Il Sigonio è lo stesso istituto dove nell’estate del 1958 si diplomò Francesco Guccini, ai tempi delle Magistrali, “il liceo dei poveri e degli indecisi”, come scrive il cantautore nella sua biografia. Cantautore che già a 17 anni aveva imparato l’armonica a bocca da autodidatta e la chitarra con l’aiuto di un falegname di Porretta improvvisatosi liutaio per cinquemila lire. La musica c’entra perché il Sigonio nel frattempo è diventato Liceo economico sociale, Liceo delle Scienze umane e Liceo musicale. Quasi a voler ricordare che la stessa scuola era stata frequentata anni prima da un certo Luciano Pavarotti, il quale prima di diventare il tenore che conosciamo era stato per anni insegnante di educazione fisica. Il mondo della scuola insomma non poche volte si sa intrecciare con la musica, con l’arte e con le storie di vita di ogni genere. Pure Rocco Scoleri da Bovalino, prima di intraprendere la carriera definitiva, era stato insegnante, anche di sostegno, alle scuole primarie e infanzia: tanti anni trascorsi tra il Piemonte e la Lombardia che ancora se li ricorda tutti. Oggi Rocco ha 42 anni.

Rocco Scoleri, che impressione le ha fatto leggere la storia di Giuseppina, la sua collega campana che ha scelto di fare la pendolare da Napoli a Milano, tutti i giorni, pur di non spendere l’intero stipendio, dice lei, in spese di vitto e alloggio?

“La mia impressione è che è una cosa molto carina, la collega fa molti sacrifici e almeno, stando a quanto racconta, le rimane quel pochino che le consente di vivere. In caso contrario non riuscirebbe ad andare avanti con quel che guadagna – cioè con quel che guadagniamo tutti noi noi – cioè pochissimo. E quindi deve fare molti sacrifici per rientrare e sempre che riesca a raggiungere la scuola senza fare ritardo. E’ una vita molto sacrificata che non va bene e che peraltro potrebbe non far bene alla scuola dove lavora”

Lei lo farebbe?

“Io non lo farei. Io mi cercherei una stanza in affitto in condivisione anche a trenta kilometri piuttosto che farne 800 in treno ogni giorno. Questo per poter vivere dignitosamente e anche per la mia scuola perché, nel caso della collega bidella, se ci fosse bisogno di fare dello straordinario lei sarebbe legata a questa cosa e non lo potrebbe mai fare, tanto per fare un esempio”.

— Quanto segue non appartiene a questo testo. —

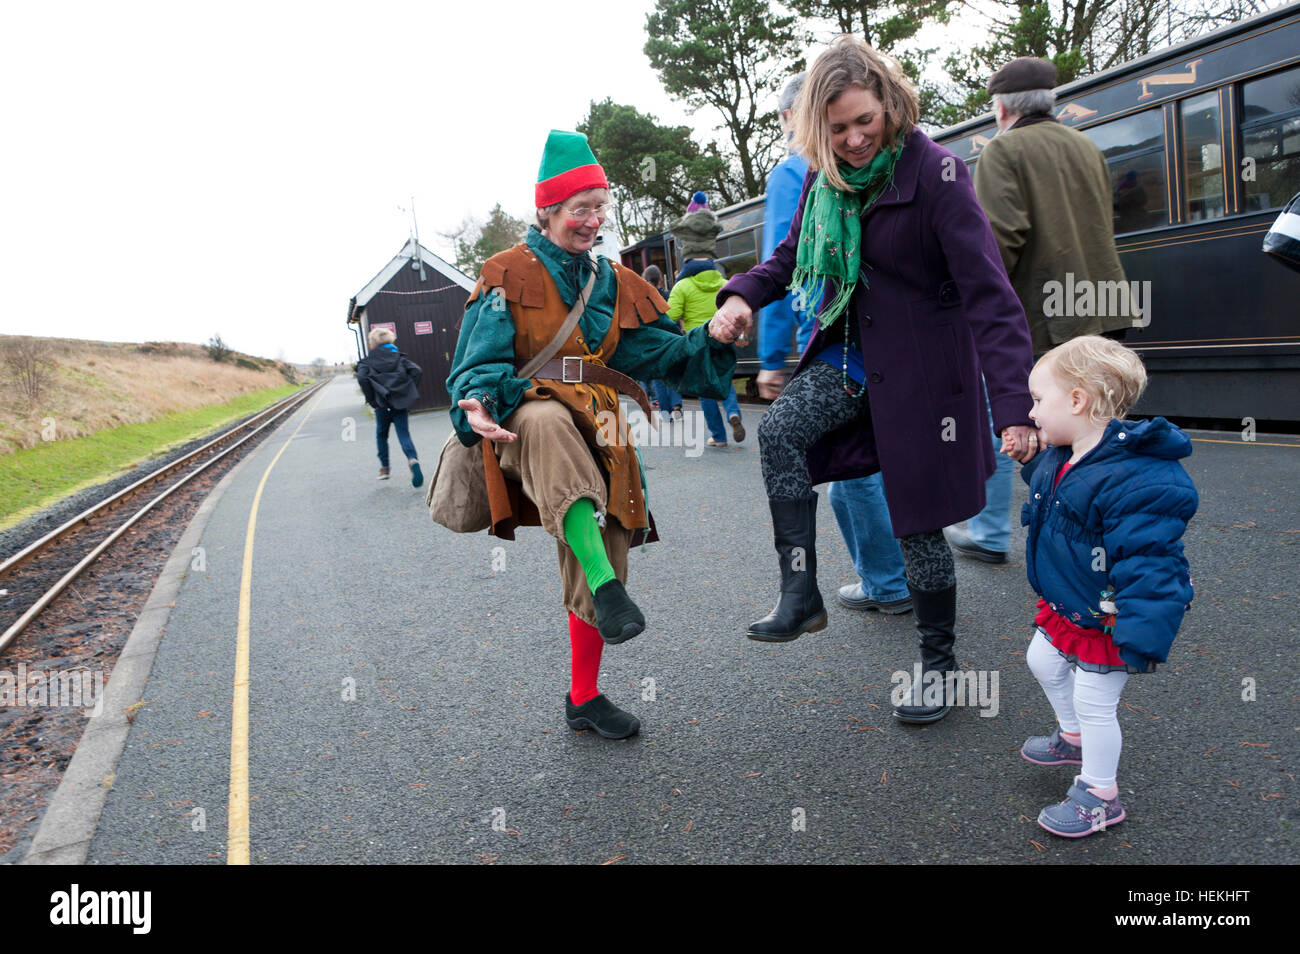 Rhyd Ddu, Gwynedd, Snowdonia National Park, Wales, UK. 22nd, December, 2016. One of Santa's Elves amuses a young child on the platform at Rhyd Ddu station. The Santa train - Caernarfon to Rhyd Ddu - is seen at the turn around point at Rhyd Ddu. The Steam locomotive is Beyer-Garratt made in Manchester in 1958 and shipped to South Africa. © Graham M. Lawrence/Alamy Live News. Stock Photo

Questa storia, per quanto paradossale e secondo alcuni poco credibile, in ogni caso mette in luce e anzi rilancia il tema scabroso degli stipendi. Lo stipendio dei collaboratori scolastici secondo lei è basso o è accettabile?

“Bassi? Sono bassissimi”.

A quanto ammonta lo stipendio di prima nomina o al primo anno di ruolo per un collaboratore scolastico?

“A 1229 al mese”

E cosa fa con 1229 euro al mese un lavoratore fuorisede, specie in una città come Milano o a Modena, una tra le più care d’Italia?

“Fa poco”

Lei che cosa riesce a permettersi?

“Intanto le dico che cosa non posso permettermi. Non posso permettermi una macchina, infatti giro a piedi. Vado e torno da scuola a piedi. Ho trovato una stanza in una zona non lontana dal Liceo dove lavoro ma c’è una bella camminata da fare, andata e ritorno. Fortuna che a me, camminare, piace. Una persona che ha famiglia e ha la macchina con questo stipendio non ce la farebbe. Non puoi mantenere la macchina, non puoi neppure pensare di averla, la macchina. Tolte le spese per vitto e alloggio, mi posso permettere di uscire per una pizza una volta a settimana, nel senso che il più delle volte me la vado a prendere in pizzeria e me la porto a casa, anche se una volta o due al mese posso permettermi un apericena o una pizza fuori con gli amici. Ma occorre stare attenti a non spendere troppo altrimenti non ci stai dentro”.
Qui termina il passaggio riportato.